[an error occurred while processing this directive]

HP OpenVMS Systems Documentation

Content starts here

HP Fortran for OpenVMS
User Manual


Previous Contents Index

5.8.5 Controlling the Inlining of Procedures

To specify the types of procedures to be inlined, use the /OPTIMIZE=INLINE=keyword keywords. Also, compile multiple source files together and specify an adequate optimization level, such as /OPTIMIZE=LEVEL=4.

If you omit /OPTIMIZE=INLINE=keyword, the optimization level /OPTIMIZE=LEVEL=n qualifier used determines the types of procedures that are inlined.

The /OPTIMIZE=INLINE=keyword keywords are as follows:

  • NONE (same as /OPTIMIZE=NOINLINE) inlines statement functions but not other procedures. This type of inlining occurs if you specify /OPTIMIZE=LEVEL=0, LEVEL=1, LEVEL=2, or LEVEL=3 and omit INLINE=keyword.
  • MANUAL (same as NONE) inlines statement functions but not other procedures. This type of inlining occurs if you specify /OPTIMIZE=LEVEL=2 or LEVEL=3 and omit INLINE=keyword.
  • In addition to inlining statement functions, SIZE inlines any procedures that the HP Fortran optimizer expects will improve run-time performance with no likely significant increase in program size.
  • In addition to inlining statement functions, SPEED inlines any procedures that the HP Fortran optimizer expects will improve run-time performance with a likely significant increase in program size.

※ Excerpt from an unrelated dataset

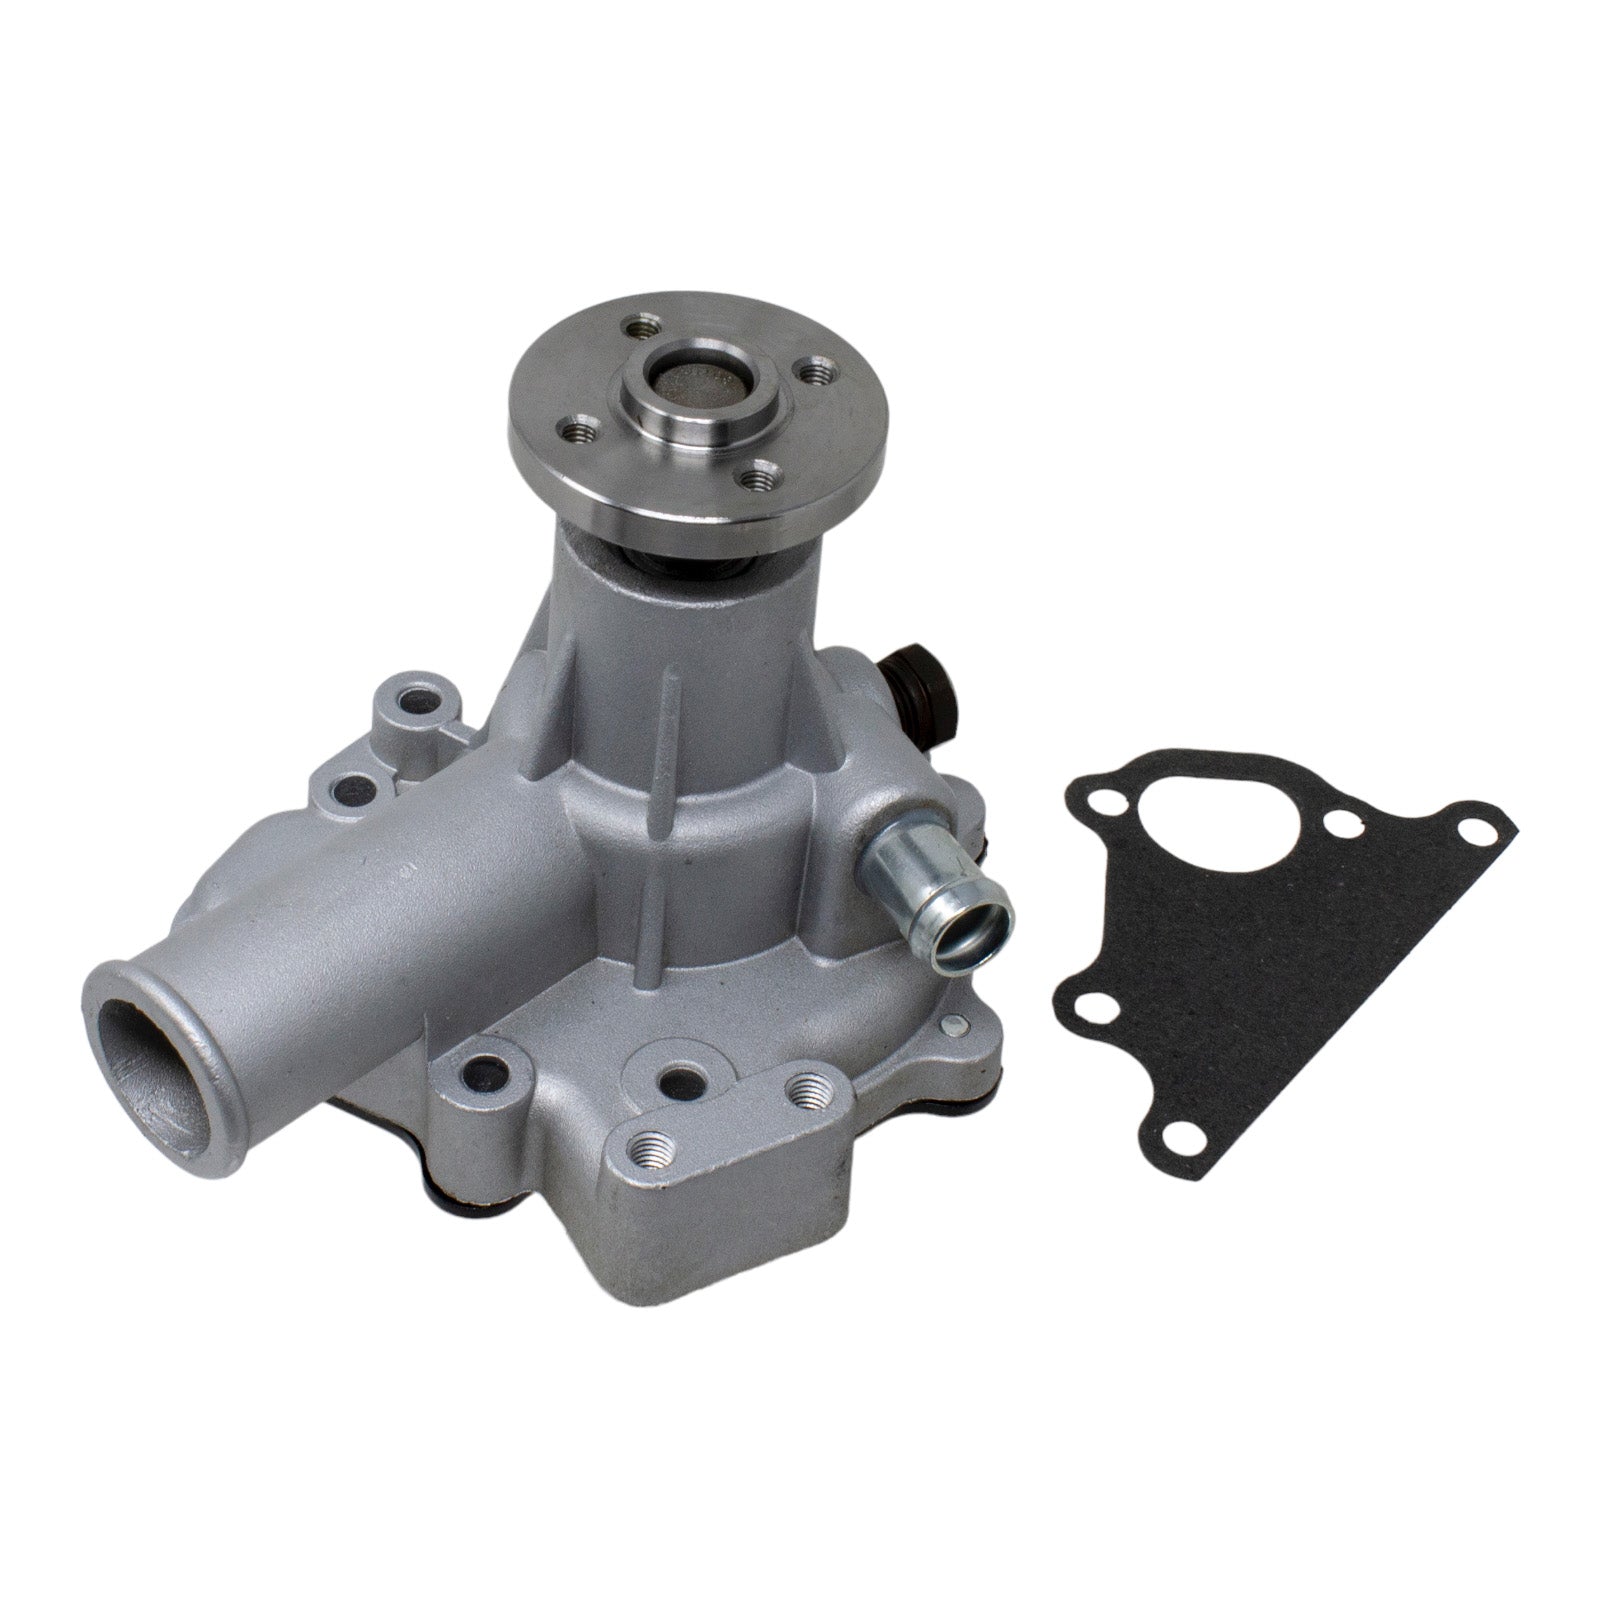 Duraforce SBA145017730, Water Pump For Ford

This type of inlining occurs if you specify /OPTIMIZE=LEVEL=4 or LEVEL=5 and omit /OPTIMIZE=INLINE=keyword.
  • ALL inlines every call that can possibly be inlined while generating correct code, including the following:
    • Statement functions (always inlined).
    • Any procedures that HP Fortran expects will improve run-time performance with a likely significant increase in program size.
    • Any other procedures that can possibly be inlined and generate correct code. Certain recursive routines are not inlined to prevent infinite expansion.

For information on the inlining of other procedures (inlined at optimization level /OPTIMIZE=LEVEL=4 or higher), see Section 5.7.5.2.

Maximizing the types of procedures that are inlined usually improves run-time performance, but compile-time memory usage and the size of the executable program may increase.

To determine whether using /OPTIMIZE=INLINE=ALL benefits your particular program, time program execution for the same program compiled with and without /OPTIMIZE=INLINE=ALL.

5.8.6 Requesting Optimized Code for a Specific Processor Generation (Alpha only)

You can specify the types of optimized code to be generated by using the /OPTIMIZE=TUNE=keyword (Alpha only) keywords. Regardless of the specified keyword, the generated code will run correctly on all implementations of the Alpha architecture. Tuning for a specific implementation can improve run-time performance; it is also possible that code tuned for a specific target may run slower on another target.

Specifying the correct keyword for /OPTIMIZE=TUNE=keyword (Alpha only) for the target processor generation type usually slightly improves run-time performance. Unless you request software pipelining, the run-time performance difference for using the wrong keyword for /OPTIMIZE=TUNE=keyword (such as using /OPTIMIZE=TUNE=EV4 for an EV5 processor) is usually less than 5%. When using software pipelining (using /OPTIMIZE=LEVEL=5) with /OPTIMIZE=TUNE=keyword, the difference can be more than 5%.

The combination of the specified keyword for /OPTIMIZE=TUNE=keyword and the type of processor generation used has no effect on producing the expected correct program results.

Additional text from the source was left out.